In King Lear's footsteps

Rachna Bisht Rawat  
A harp to the tune, a wick to the lamp. The old man in the sun, prays only for your hand.'

The Last Scene
Natasamrat, one of the finest tragedies written in the 150-year history of Marathi theatre, with its soulful soliloquies, equated with and partially inspired by Shakespeare's `King Lear' and partially by the life of veteran Marathi stage actor Nanasaheb Phatak, has been translated into English, 28 years and 1000 performances after its inception.

The translation of the play written by `Kusumagraj' Vishnu Vaman Shirwadkar is being looked upon as a historic moment for English theatre because Natsamrat, compared by critics to the most sensitive plays in literature, has now opened to English speaking audiences and the rest of the world.

``It is hoped that the play will now be made familiar to English knowing audiences and it will be revived for English theatre,'' says Dr Shreeram Lagoo, who played the first Ganpatrao Belwalkar when the play opened to a packed house in Mumbai on December 23, 1970. His character is an ageing actor who ruled the stage a few years back, but comes upon bad days. Shunned by his two children to whom he has left all his earthly belongings, he enacts a life that is in the mould of King Lear's immense tragedy.
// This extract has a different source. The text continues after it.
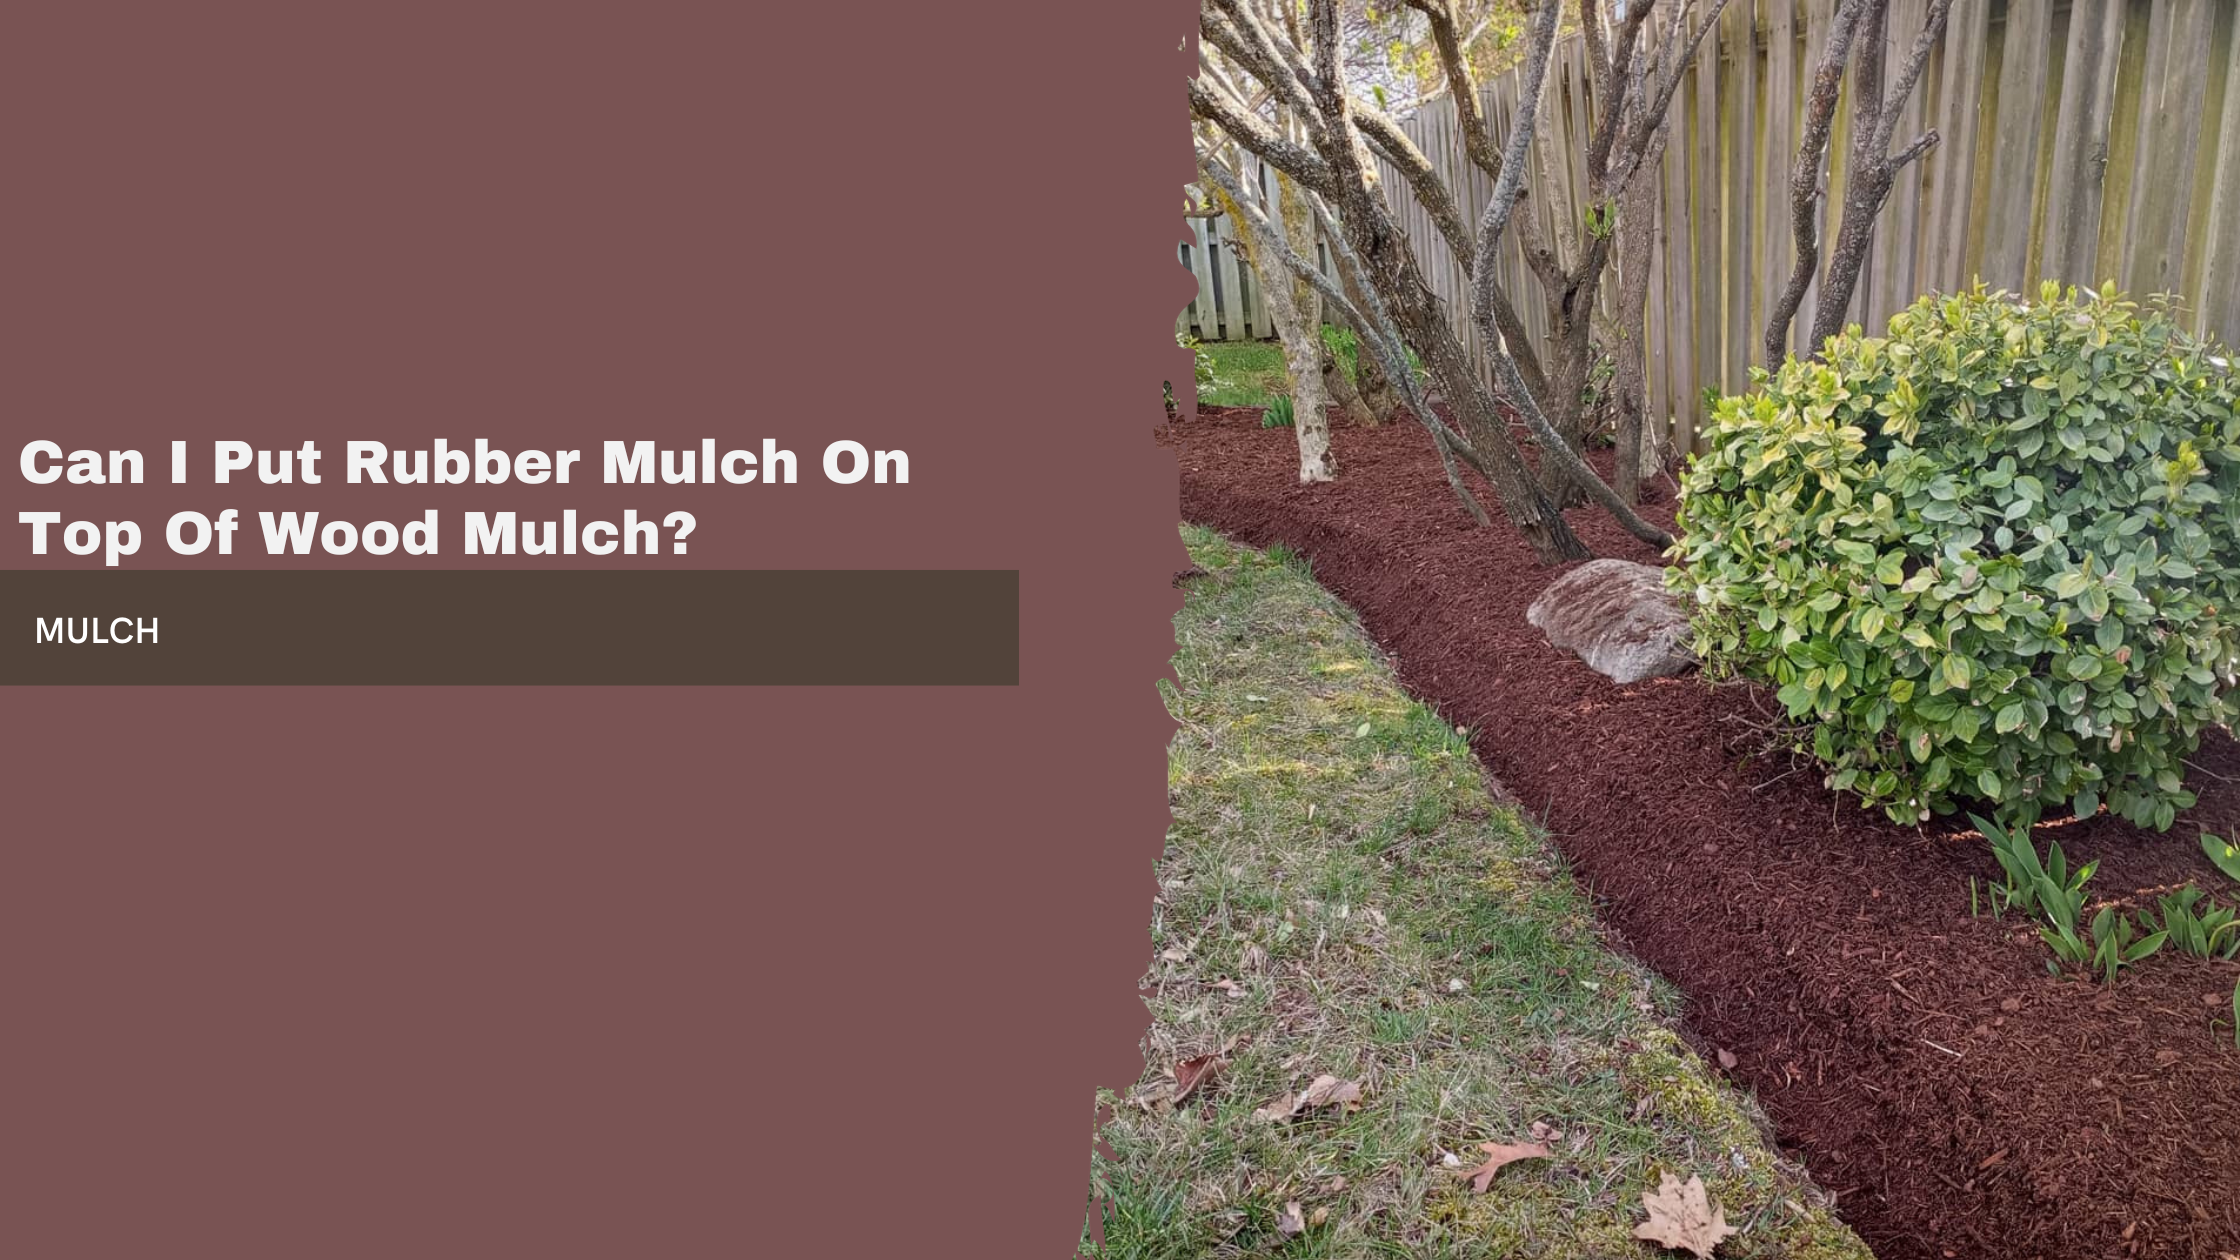 Can I Put Rubber Mulch On Top Of Wood Mulch?

Doing the role of Ganpatrao Belwalkar, the principle character in the play, is equated with playing the ultimate role in English theatre -`Hamlet'. And ralmost nine theatre greats, right from Dr Lagoo to Prabhakar Panashikar, have done the portrayal. The list runs like a who's who of Marathi theatre and includes Datta Bhatt, Satish Dubhashi, Chandrakant Gokhale, Yashwant Dutt, Madhusudan Kolhatkar and Raja Gosavi.
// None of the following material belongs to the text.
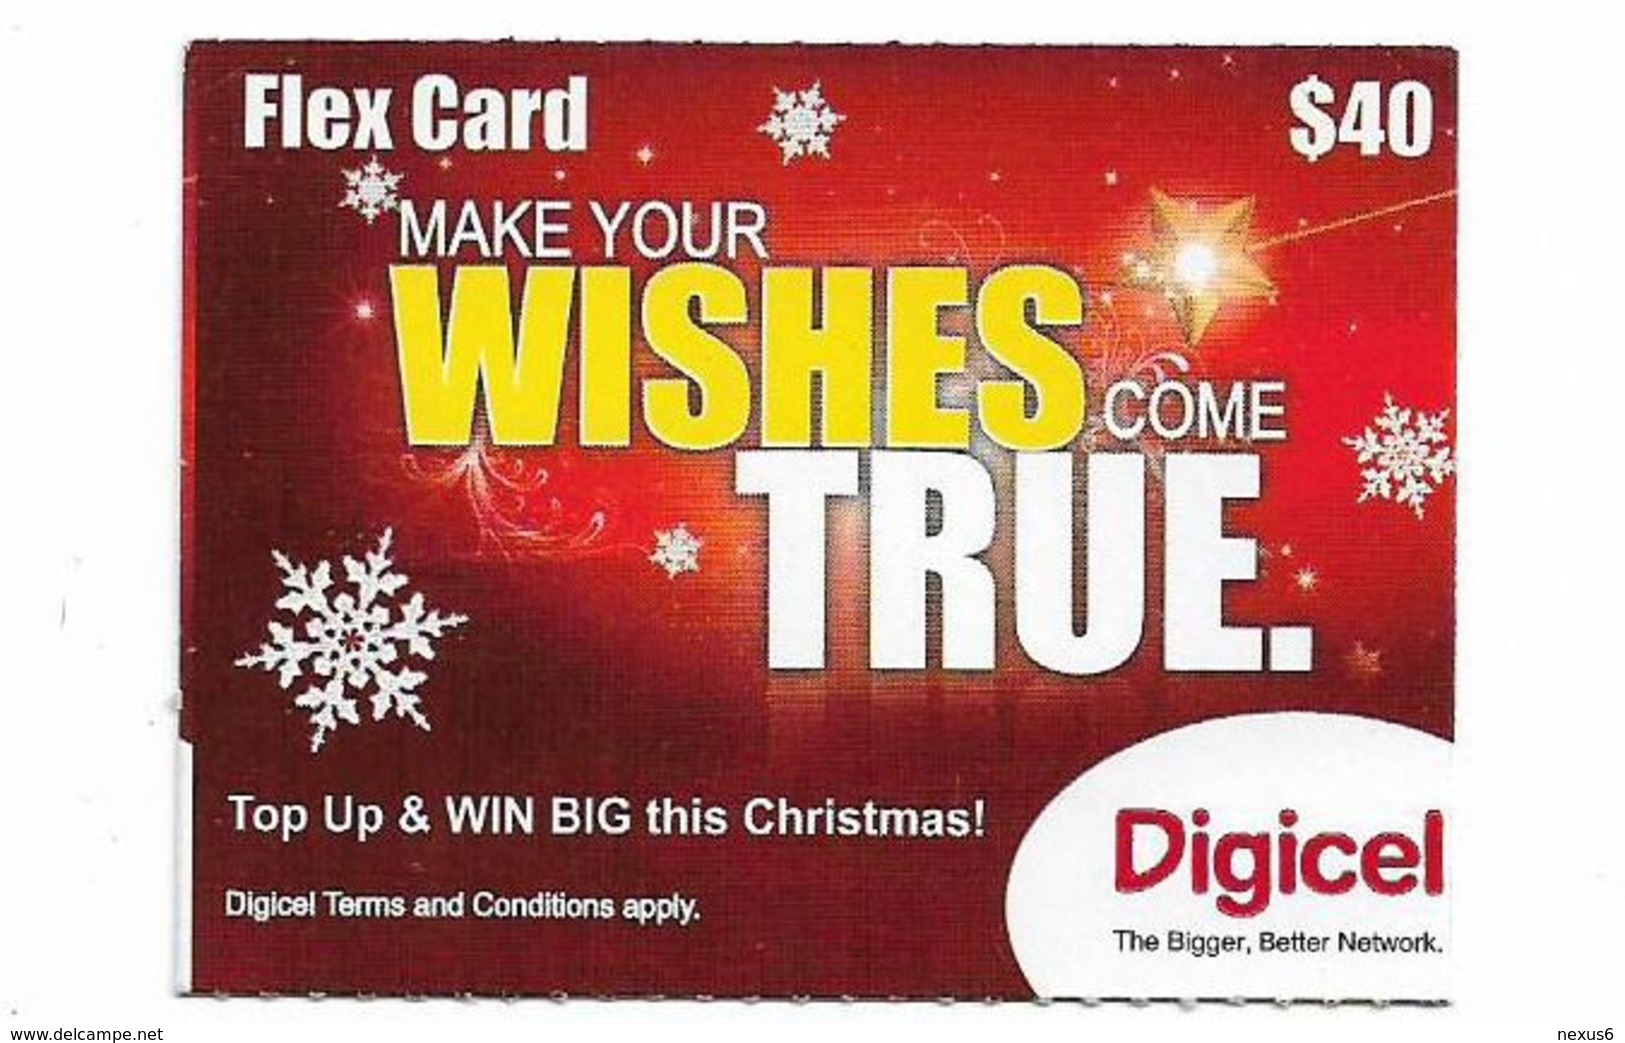 Grenada - Digicel - Flex Card, Make Your Christmas Wishes, Smaller Size GSM Refill 40EC$, Exp. 18.09.2012, Used - Grenade

``It is one of the finest tragedies in Marathi, which matches the depth of `Ekach Pyala' by Ram Ganesh Gadkari, published in 1919. It was one of those plays which had the rare honour of being extremely popular with audiences as well as appreciated by critics,'' says Dr Lagoo, who played the central character in more than 287 performances of the play. ``The play had simply mesmerised me in 1972 and I could meet the challenge of translating it into English only with the advice of Shirwadkar, Dr Shreeram Lagoo and other Marathi stage personalities,'' says Vasant Govind Limaye in his foreword to the translation.
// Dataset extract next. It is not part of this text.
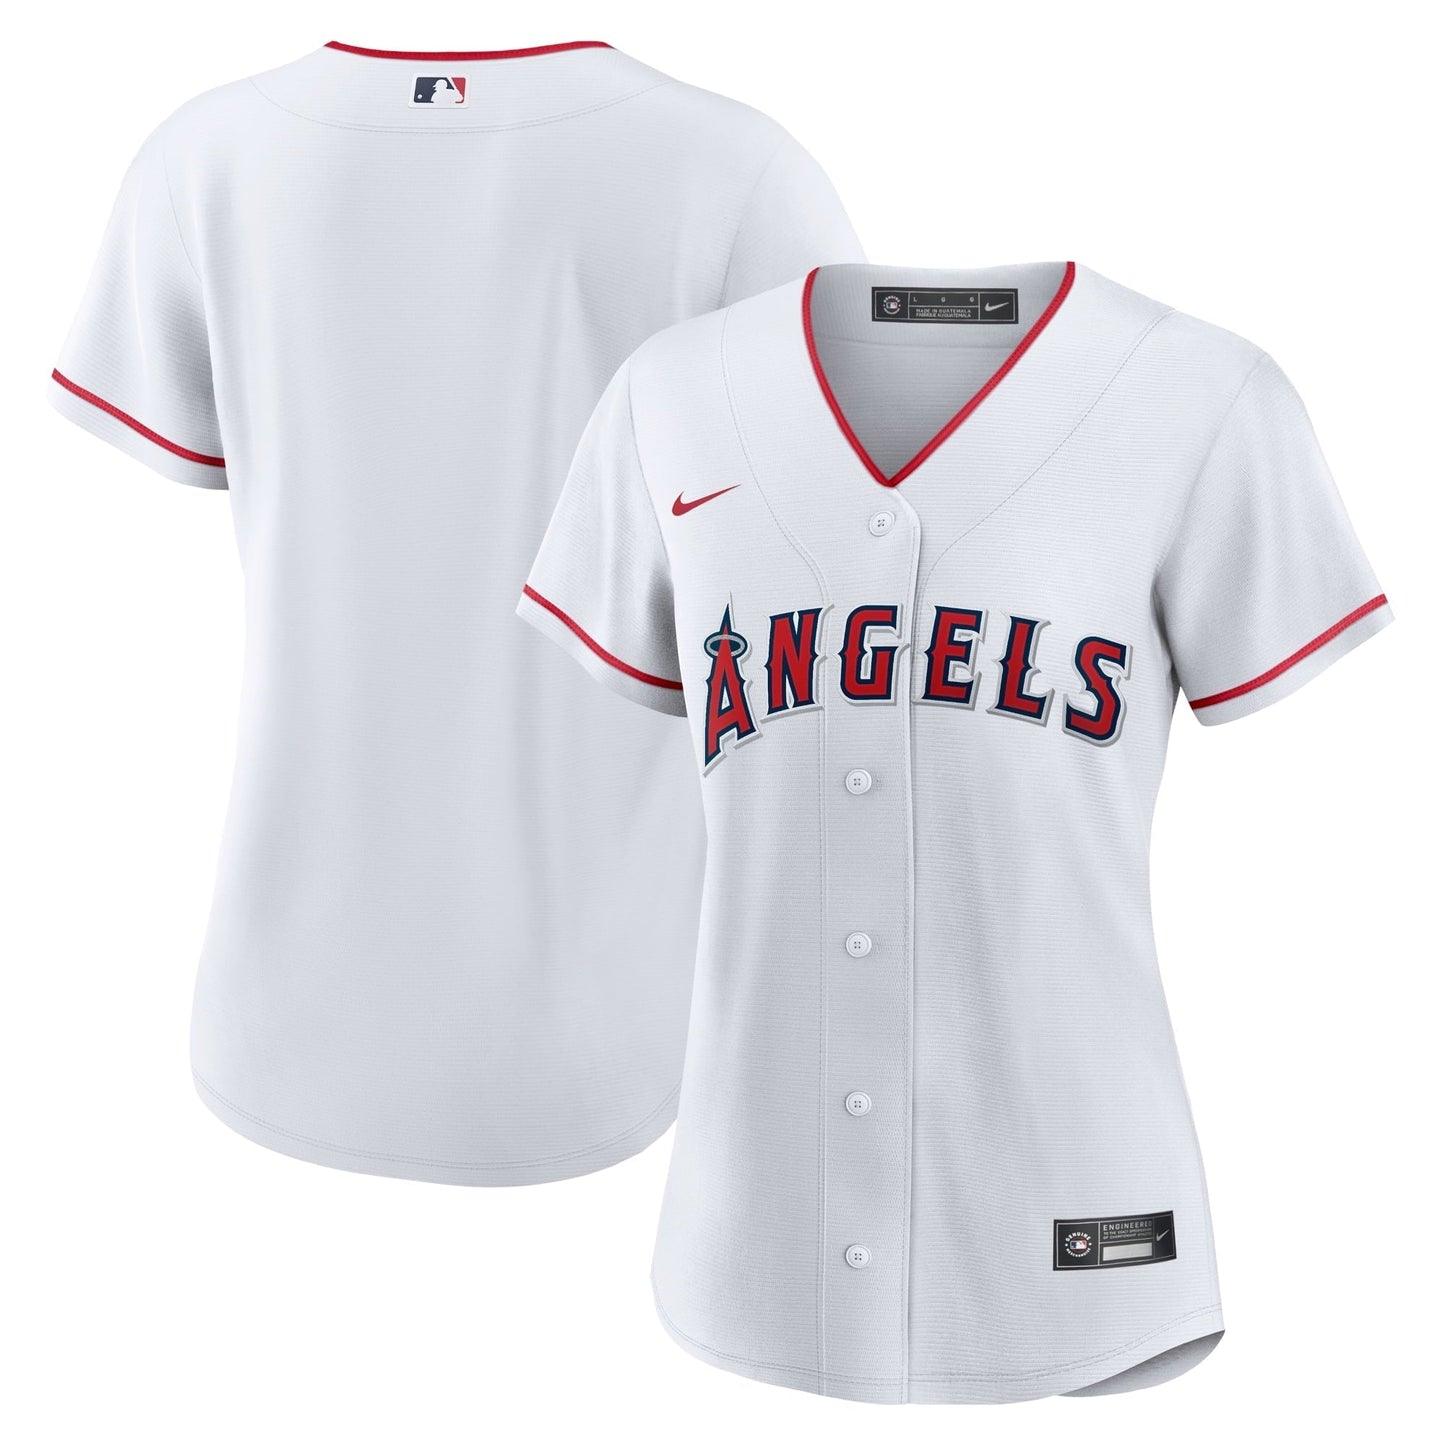 Women's Nike White Los Angeles Angels Home Replica Team Jersey

Limaye, who worked as a translator in Indian Institute of Technology (IIT), Powai, is conversant with 11 European languages and has earlier written a travelogue in Marathi titled `Leningrad in Midwinter'.

The first draft of `The Last Scene' was ready in 1993 but after readings and discussions with the author of the original play it was decided that the anglicised cultural context of the adaptation did not suit the play. After a labour of two more years another translation, closer to the original, was finalised.

The play has already been translated into two Indian languages, Kannada and Gujarati. Ten thousand copies of the 120-page English version have been published in the first print by Suyog Prakashan of Pune.